Cet amendement vise à supprimer à la fois le monopole du ministère public dans le déclenchement des poursuites et les dispositions selon lesquelles la Cour pénale internationale devrait décliner expressément sa compétence pour que la justice française puisse juger l’auteur d’un crime visé par le Statut de Rome.

Sur le premier point, le monopole du ministère public pose problème au regard des droits des victimes, qui ne pourraient pas mettre elles-mêmes l’action publique en mouvement en se constituant partie civile. Certes le monopole du ministère public dans le déclenchement des poursuites existe d’une manière générale (article 113-8 du code pénal) dans tous les cas où la loi pénale française est applicable à des délits commis hors du territoire national, du fait de la nationalité de l’auteur des infractions (article 113-6 du code pénal) ou de la victime (article 113-7 du code pénal). Il s’applique aussi lorsque la justice française est compétente pour juger d’un suspect dont notre pays refuse l’extradition (article 113-8-1 du code pénal) et aux différentes situations dans lesquelles la justice française peut poursuivre un étranger ayant sa résidence habituelle sur le territoire de la République (pour les cas de tourisme sexuel impliquant des mineurs, de clonage reproductif et d’activités mercenaires, qui constituent des délits).

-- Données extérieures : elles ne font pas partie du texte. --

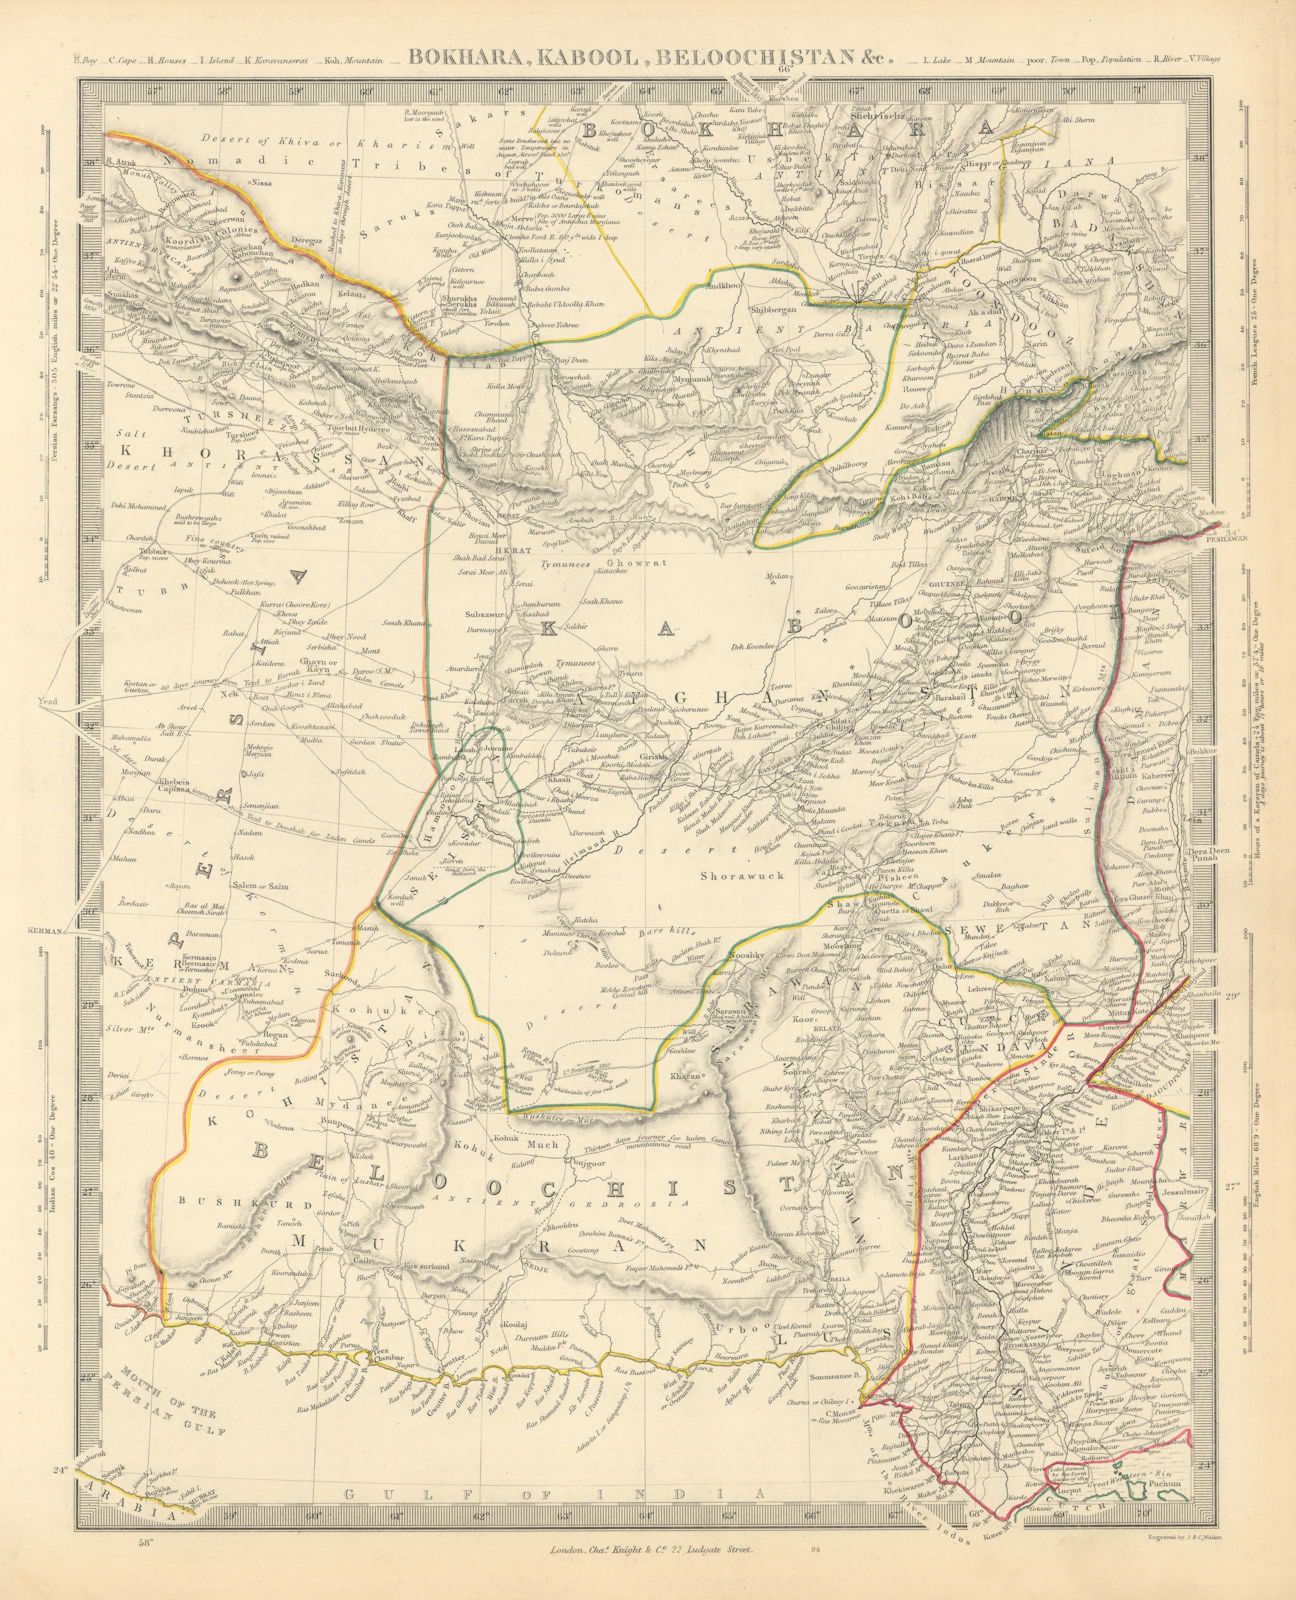 BOKHARA KABUL & BALUCHISTAN. Afghanistan Khorassan Sinde Pakistan. SDUK 1851 map

Mais imposer cette limitation dans le cas des crimes les plus graves n’apparaît ni nécessaire ni pertinent. Ce n’est pas nécessaire car la crainte de voir déposer de très nombreuses plaintes n’est pas fondée : en matière de torture, seule une quinzaine de plaintes a été déposée en France sur le fondement de la convention du 10 décembre 1984 pour l’application de laquelle la France s’est reconnue une compétence universelle, et deux procès ont été menés à leur terme. Il n’y a aucune raison que l’on assiste à une explosion du nombre de plaintes contre des auteurs présumés de crimes contre l’humanité ou de crimes de guerre. Ce n’est pas non plus pertinent, car la France a toujours été très attachée à la défense des droits des victimes, tant en droit interne qu’au niveau international. Elle a notamment obtenu que ceux-ci soient mieux pris en compte devant la Cour pénale internationale. Ce monopole induirait en outre une différence de traitement entre les victimes selon les crimes dont elles ont eu à souffrir (crimes contre l’humanité ou crime de guerre d’une part, actes de torture ou de terrorisme d’autre part).

Sur le second point, il n’est évidemment pas question que la justice française fasse de la concurrence à la Cour pénale internationale en prétendant enquêter sur une affaire qui aurait été soumise à la Cour ou juger une personne que cette dernière poursuit. Mais le Statut de Rome ne prévoit aucun mécanisme permettant à la Cour de décliner sa compétence. En effet, en application du Statut, c’est la Cour qui est amenée à intervenir en complément des juridictions nationales, et non l’inverse.

Du moment qu’aucune procédure concernant les crimes en question n’est en cours devant la Cour pénale internationale, et qu’aucun Etat n’a demandé son extradition, la justice française doit pouvoir être compétente pour poursuivre le suspect.